Достоевский: призраки, фобии, химеры (заметки читателя). - Лео Яковлев
Шрифт:
Интервал:
Закладка:
Мы вообще восстаем против обыкновения смешивать пророчества с правилами, противопоставлять предсказания, часто темные, правилам нравственности, всегда ясным. Если должно признавать вообще дела хорошими и справедливыми потому только, что они были предсказаны, то было ли когда-нибудь какое-либо дело более достойно похвалы, чем преступление, за которое ханжи наши заставляют нас и теперь, по прошествии 18 столетий, мстить евреям, — преступление, от которого содрогнулась земля и помрачилось солнце? То же рассуждение, к которому прибегают теперь, чтобы оправдать стеснения прав соотечественников наших евреев, могло бы равным образом оправдать и лобзание Иуды и суд Пилата. «Впрочем Сын человеческий идет, как писано о Нем: но горе тому человеку, которым Сын человеческий предается».[6] Горе также и тем, которые в какой бы то ни было стране или в какое бы то ни было время ослушаются Его благих заповедей, под предлогом осуществления Его предсказаний. Если разбираемый нами аргумент оправдывает ныне существующие постановления против евреев, то он оправдывает, равным образом, и все жестокости, которым они когда-либо подвергались, — пагубные указы об изгнании и конфискации имущества, темницы, пытки и медленный огонь. И в самом деле, чем оправдаемся мы, если оставим собственность людям, которые должны «служить своим врагам голодные, жаждущие, нагие и нуждающееся во всем»; если оградимличность тех, которые должны «страшиться день и ночь и не иметь никакого ручательства за жизнь свою»; если мы не захватим в рабство детей того племени, «которого сыновья и дочери должны быть отдаваемы в другой народ?»

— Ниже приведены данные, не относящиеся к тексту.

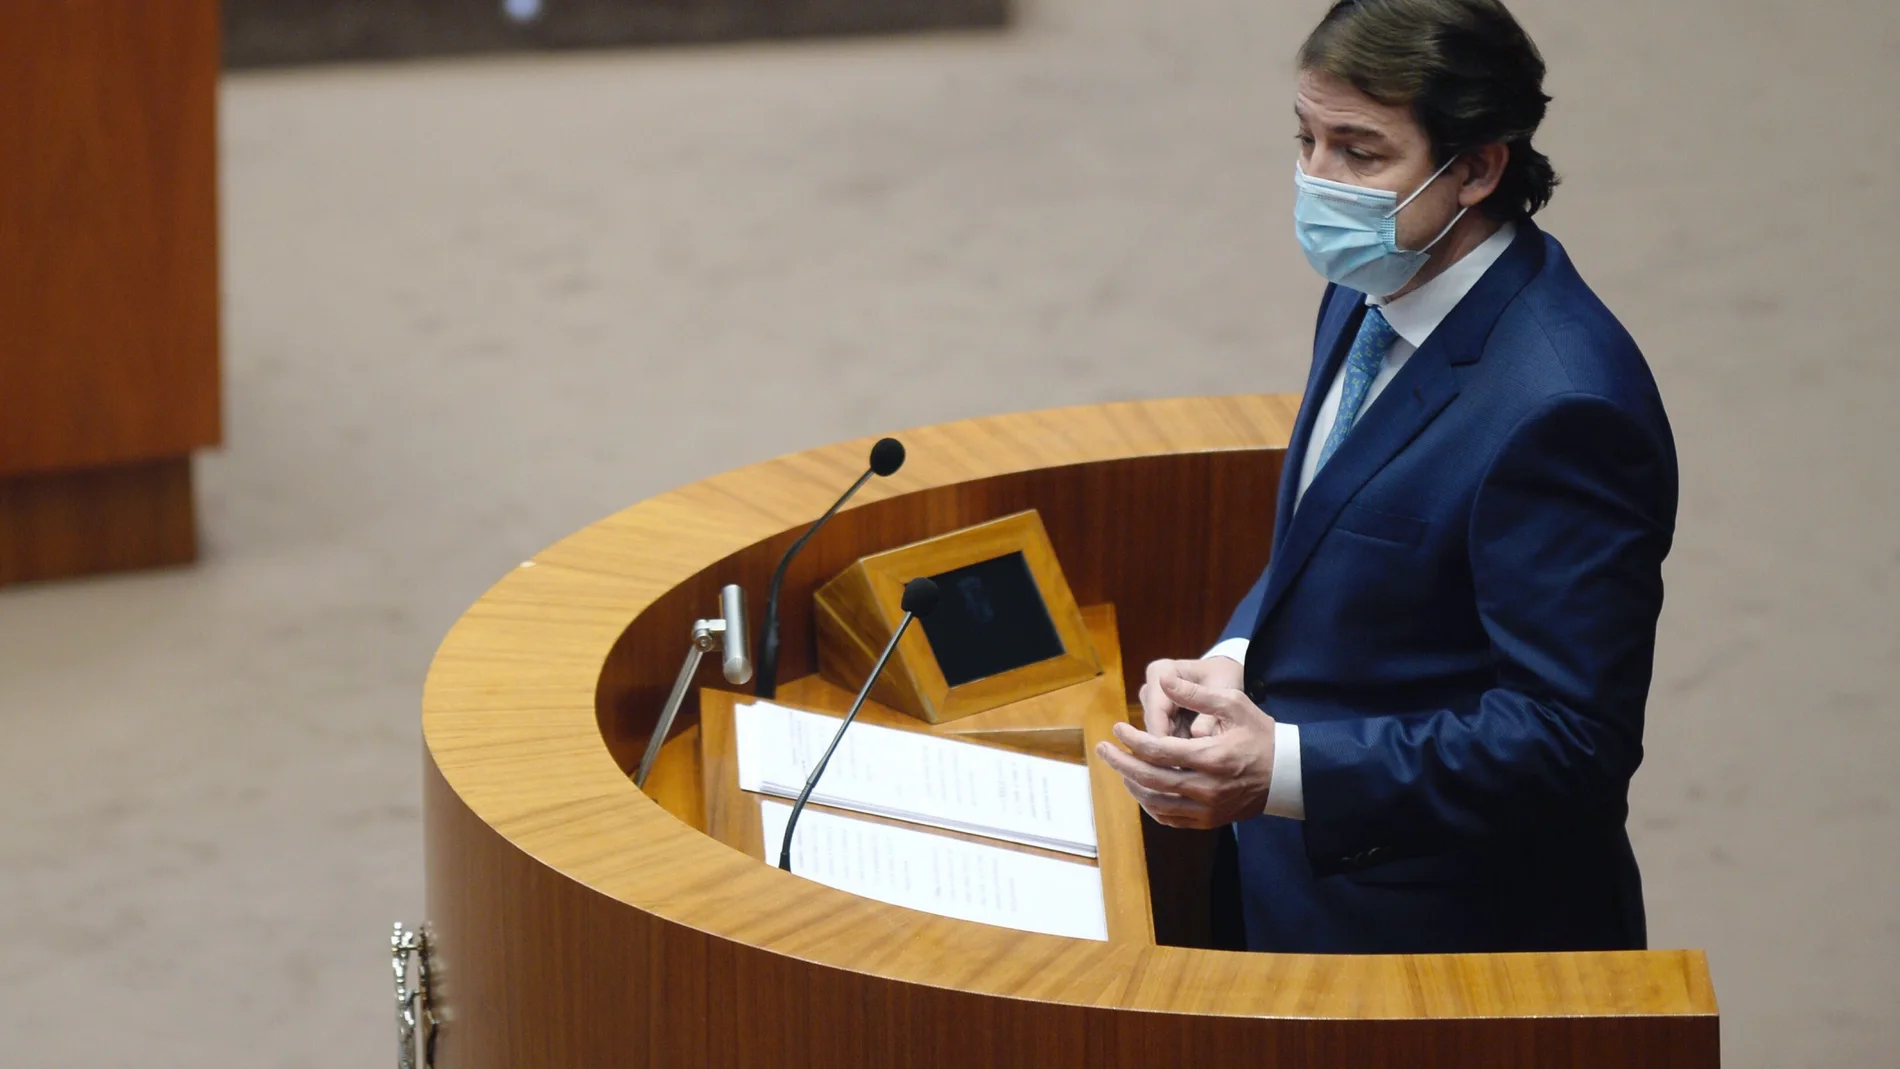 El presidente de la Junta de Castilla y León, Alfonso Fernández Mañueco, comparece a petición propia en las Cortes para explicar las medidas adoptadas por su gobierno durante la pandemia del Covid-19

Мы не так усваивали себе учение Того, который повелел нам любить ближнего как самих себя, и Который, когда Его попросили объяснить, кого Он разумел под ближним, выбрал пример иноверца и чужестранца. Мы помним, в прошедшем году было выставляемо каким-то набожным писателем в газете «John Bull» и некоторыми другими, столь же ревностными христианами, как чудовищное нарушение приличия, то обстоятельство, что билль в пользу евреев предложен был на Страстной неделе. Один из этих остряков даже посоветовал с иронией, чтобы билль прочли во второй раз в Страстную пятницу. Мы, с своей стороны, не можем ничего сказать против этого; кажется даже, что нельзя более достойным образом ознаменовать этот день. Мы не знаем дня, более приличного для окончания долгой вражды и для искупления жесточайших обид, как день, в который положено начало религии, основанной на милосердии. Мы не знаем дня, более приличного для уничтожения в книге законов последних следов нетерпимости, как день, в который дух нетерпимости породил самое вопиющее из правомерных убийств, как день, в который список жертв нетерпимости — этот благородный список, в который занесены Сократ и Мор, — увековечился еще более великим и священным именем".
* * *В следующем разделе этой книги читатель увидит, как сильно подействовал на Достоевского обращенный к царю вопрос Ермолова: «Почему мы не лорды?» Этот вопрос в своих заметках Достоевский воспроизводит многократно. Прочитав аристократический текст лорда Маколея и сопоставив его с публицистикой Достоевского, читатель, надо полагать, поймет, почему в России не было и, вероятно, никогда не будет лордов.
Здесь, по-видимому, будет уместно обратить внимание читателя и на тот факт, что евреи появились в Англии как иммигранты, спасавшиеся от католических зверств на материке, а в России они оказались против своей воли в результате имперской колонизации польских, литовских и украинских земель. Если бы «нэсытэ око» российских императоров «нэ зазырало за край свиту, чи нема крайины, щоб загарбаты» ее, как писал Шевченко, то число евреев в России не превышало бы, как при Иване Грозном, одного-двух десятков человек, и у Достоевского не было бы оснований для тревог. Однако, как мы увидим далее, колониальные захваты нашему гуманисту очень нравились, а евреи, захваченные вместе с чужой землей, очень не нравились. Ну что тут поделаешь?
III. Наедине с собой
Боже, не позволяй мне осуждать или говорить
о том, чего я не знаю и не понимаю.
Он пишет о «русской душе».
Этой душе присущ идеализм в высшей степени.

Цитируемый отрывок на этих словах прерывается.